Some problems may be solved along the way, but other
problems or values may be simply set aside.
• Mutatis mutandis, Kuhn’s account of scientific revolutions
includes all these features.
A few Remarks
• This suspicion is reinforced by the
observations GS makes in 6.2, where he points
out that many episodes we think of as
‘revolutionary’ in science don’t show these
features. Copernicus was not responding to a
crisis, and neither, it seems, was Darwin. No
crisis seems to be involved in the emergence
of modern genetics around 1900 (De Vries,
Bateson et al.) either.
The details of Kuhn’s Account
• During normal science we have a strongly constrained,
progressive enterprise. Which problems count, what a
good solution to them should look like, even how to go
about seeking a solution are all widely agreed on.

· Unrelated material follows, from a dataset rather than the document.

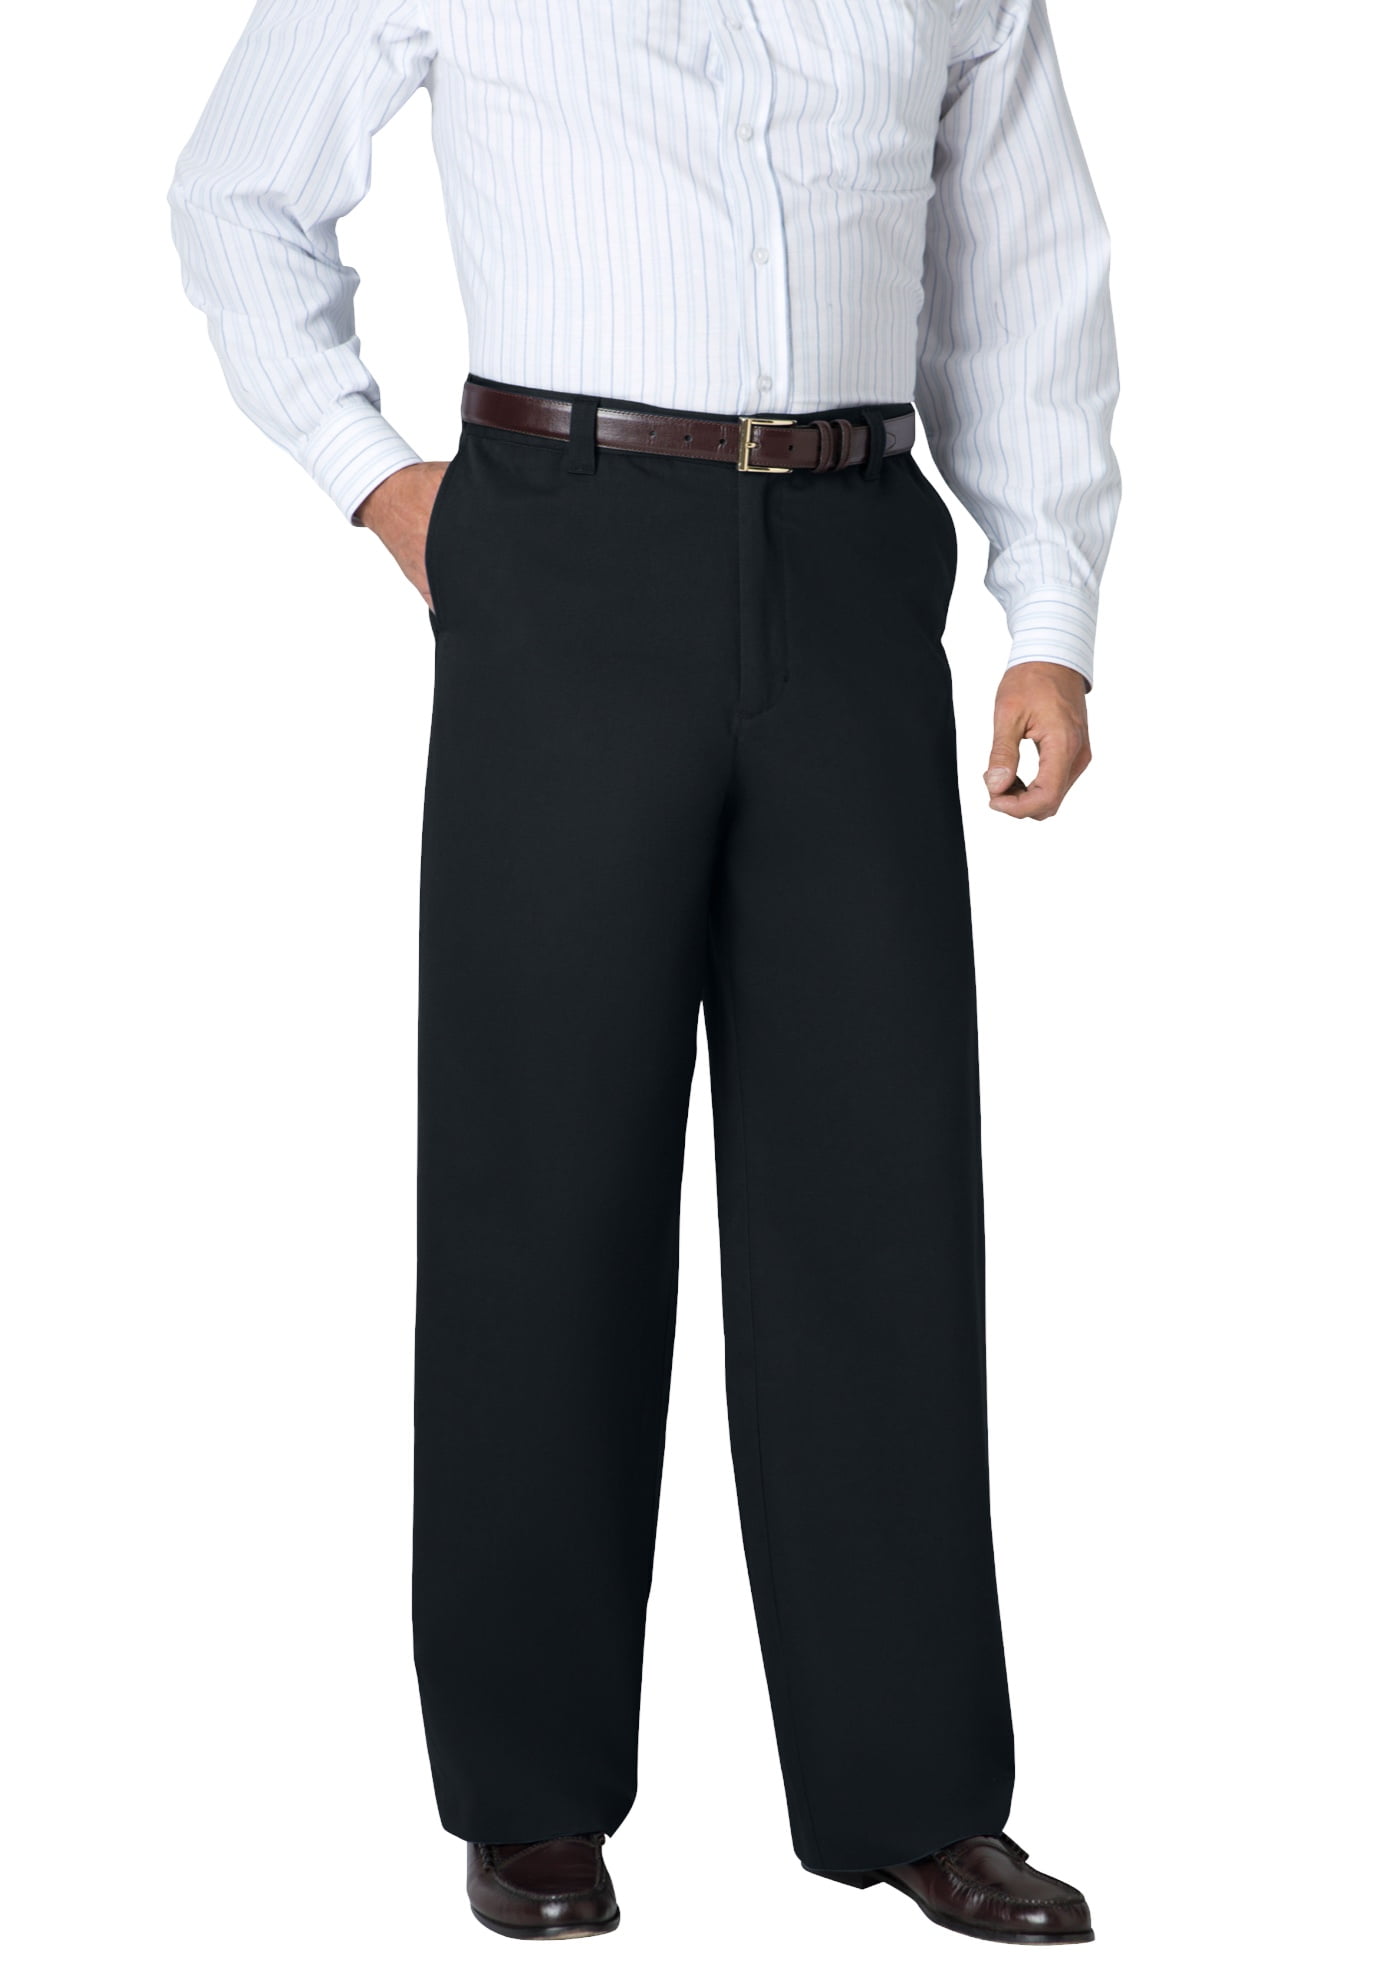 AKA Men's Wrinkle Free Cotton Twill - Traditional Fit Slacks Flat-Front  Work Pants Khaki 31 Long - Walmart.com

• A crisis develops when problems that are seen as
important resist solution and (for various reasons,
sometimes very convincing ones) it begins to appear
that no solution is possible.
• A revolution occurs when a new paradigm emerges
that seems to solve (some of) the problems that
confronted the former paradigm, and then goes on to
replace the old paradigm altogether.
The Relativism Thing, 1
• Relativism is tempting here because of the strong emphasis
Kuhn puts on the shift of values involved in a revolution (in
Ch.X Kuhn even declares, in a flight of rhetorical excess,
that post-revolution scientists are working in a different
world than pre-revolution scientists.
• A revolution develops only when the old paradigm has
‘dead-ended’; only a kind of disorderly process can resolve
this kind of situation, since the constraints we’ve been
working under have to be set aside and it’s not possible in
advance to specify which constraints will ultimately go and
which may stay. It’s all up in the air.
• But Kuhn does say that there is continuity – that some
features of theories count in their favour before and after
the revolution: we’re still doing science, after all!
Incommensurability
• Barriers to translation
– This is a bit weak, since many scientists show a pretty
good capacity to become ‘bilingual’ and move back
and forth between competing accounts/ paradigms.
• Different standards of evidence and argument.
– Detailed standards are what vary here.
– The choice between paradigms is unclear except in
the light of standards that are in dispute.
– Examples: Mechanism vs. gravity, biometricians vs.
the mechanisms of Mendelian genetics.
Relativism 2
• Kuhn recognizes increasing ‘problem solving
power’, as an example (maybe the most
important one) of continuity in standards, relative
to which the course of science as a whole can be
seen as progressive.
• Kuhn’s explanation of progress has two sides:
– The relativistic side (of course it’s progress– it led up
to our present views, after all…).
– The objective side (efficiency and problem solving
power of later paradigms).
– Can we reconcile these? Reculer pour mieux sauter?
The problem of truth
• A popular, simplistic view of scientific progress involves the
accumulation of truths over time.
• This view is often abused by those who want to cast doubt on
science (e.g. by criticizing evolutionary theory because Darwin got
some things wrong).
• The idea of progress is easy when framed this way– but it’s also
clearly inapplicable to the history of science.
• If we think of physics as our model, and regard fundamental shifts
in theory (from classical to quantum, from ‘plum pudding’ to
nuclear atoms, from particles to strings) as completely shifting our
description of everything, then the notion that we are progressing
towards a true theory seems dubious– the pessimistic induction is
almost irresistible, since there’s no sign that we are really
converging towards a single basic view of what there is in physics.